In the 11-year study of 307 patients, American researchers found that patients who received preoperative chemotherapy lived an average of 31 months longer than patients who were treated with surgery alone. In addition, patients treated with surgery alone had a 66 percent higher likelihood of bladder cancer-related mortality than patients who had the combination therapy.

"This is an important advance because the study shows a significant and clinically meaningful improvement in survival among patients who received chemotherapy before surgery," said the study's principal investigator, H. Barton Grossman, M.D. "Treatment of this disease varies across the country, but we believe neoadjuvant chemotherapy should be used more frequently to treat patients with locally advanced bladder cancer," he added.

Bladder cancer, considered a worldwide problem, is a leading tobacco-related cancer. In the United States, it is the fourth most common cancer in men and the eighth most common in women. Approximately 57,000 Americans will be diagnosed with bladder cancer in 2003 and an estimated 12,500 people will die of the disease.

Because of its tendency for local and metastatic spread, researchers have investigated a number of therapies to treat transitional cell bladder cancer that has invaded the bladder muscle and, therefore, is considered locally advanced. Studies to date have found that radiation therapy before surgery did not improve outcome.

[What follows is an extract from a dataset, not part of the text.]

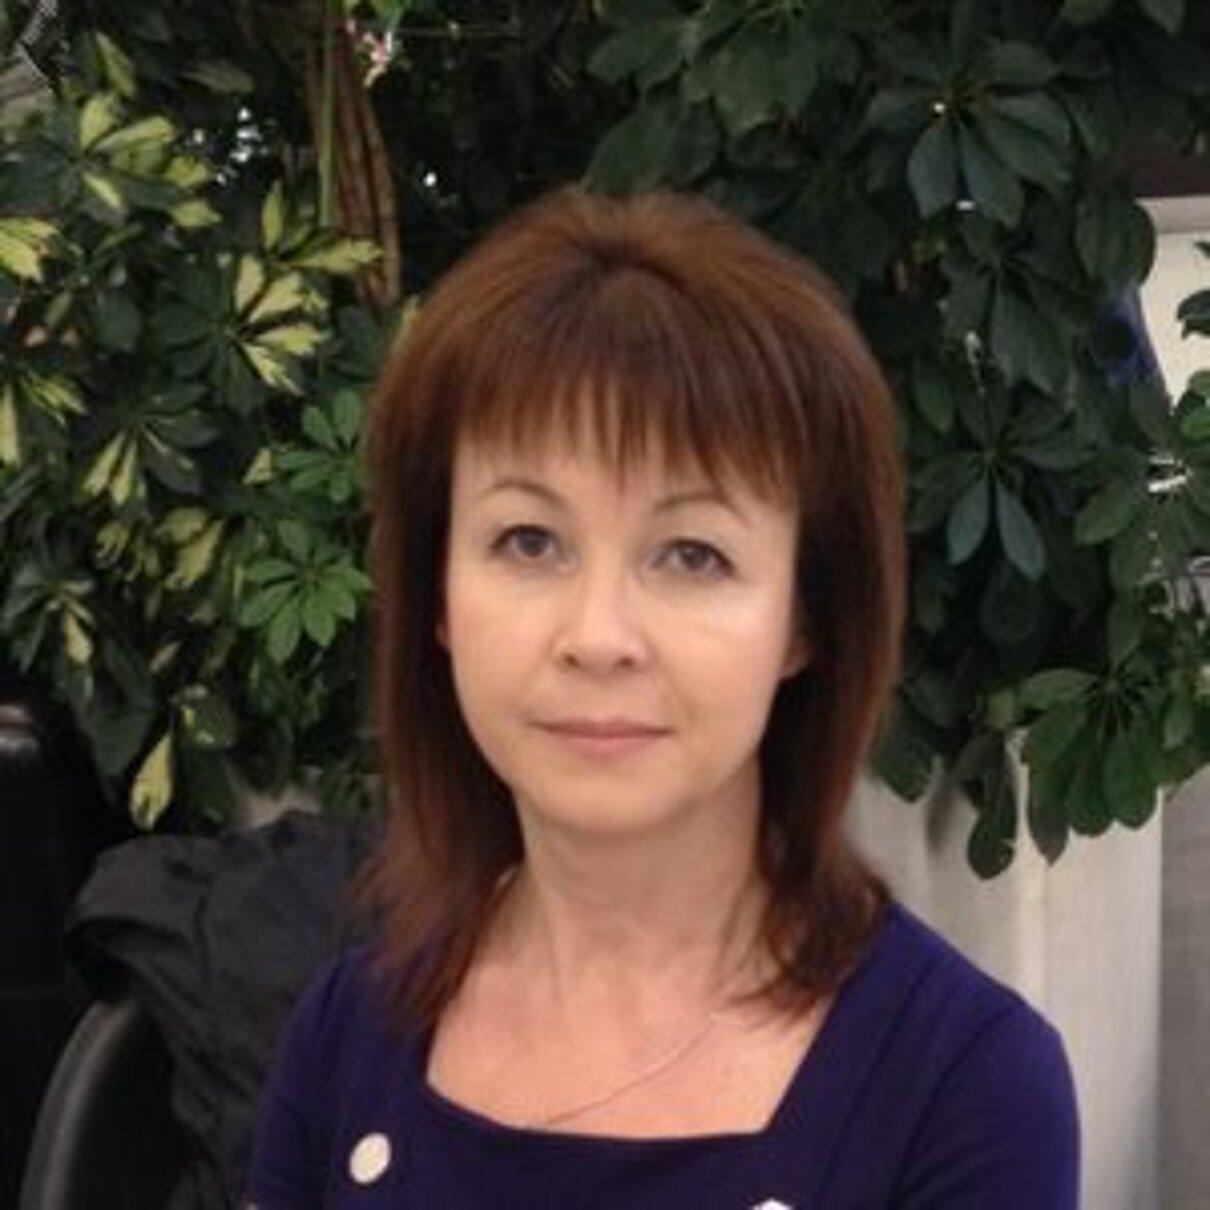 Жалоба-отзыв: Трубицына Марина Адольфовна! Мошенница, воровка, клофелинщица, аферистка - Мошенницы, воровки, клофелищицы, аферистки. Вымогательницы.  Фото №1

After chemotherapy proved beneficial in patients with metastatic bladder cancer, the researchers began a randomized study in 1987 testing survival in patients who received surgery alone versus patients treated with 3 preoperative cycles of combination chemotherapy with methotrexate, vinblastine, doxorubicin, and cisplatin. The study included 126 institutions around the country.

In all, 154 patients were assigned to receive surgery as primary treatment and 153 patients received combination therapy. At the end of the study, researchers found that median survival between the two groups was significantly different. Patients treated with surgery lived a median of 41 months compared to 77 months in patients treated with chemotherapy followed by surgery.

When the investigators looked at death rates from bladder cancer, they concluded that more patients treated with surgery alone died of the disease, and they died at a faster rate -- 77 patients died of bladder cancer in the surgery arm compared with 54 in the combination treatment group. Patients treated with surgery alone had a 66 percent greater risk of dying from bladder cancer than patients who received preoperative chemotherapy.

When overall death rates were considered, the differences were not as significant, Grossman said. After follow-up of more than 8 years in each group, 90 deaths occurred in the combination therapy arm compared with 100 deaths in the surgery arm. "These patients are generally older and may die of other causes, but the chance of surviving was higher in the neoadjuvant group," he said.

The patients who did best were those who had no cancer left in the bladder at the time of surgery. At the time of surgery, 38 percent of patients treated with preoperative chemotherapy had no evidence of cancer remaining in the bladder compared with 15 percent of patients who did not receive preoperative chemotherapy.

"There were significantly more patients in the neoadjuvant group who had no residual disease compared to the surgery group and those are the patients that have much better survival. The chemotherapy effectively down-staged their cancer," noted Grossman. "Ten years after treatment, some of those patients are still alive, so neoadjuvant chemotherapy before surgery provided a cure for them."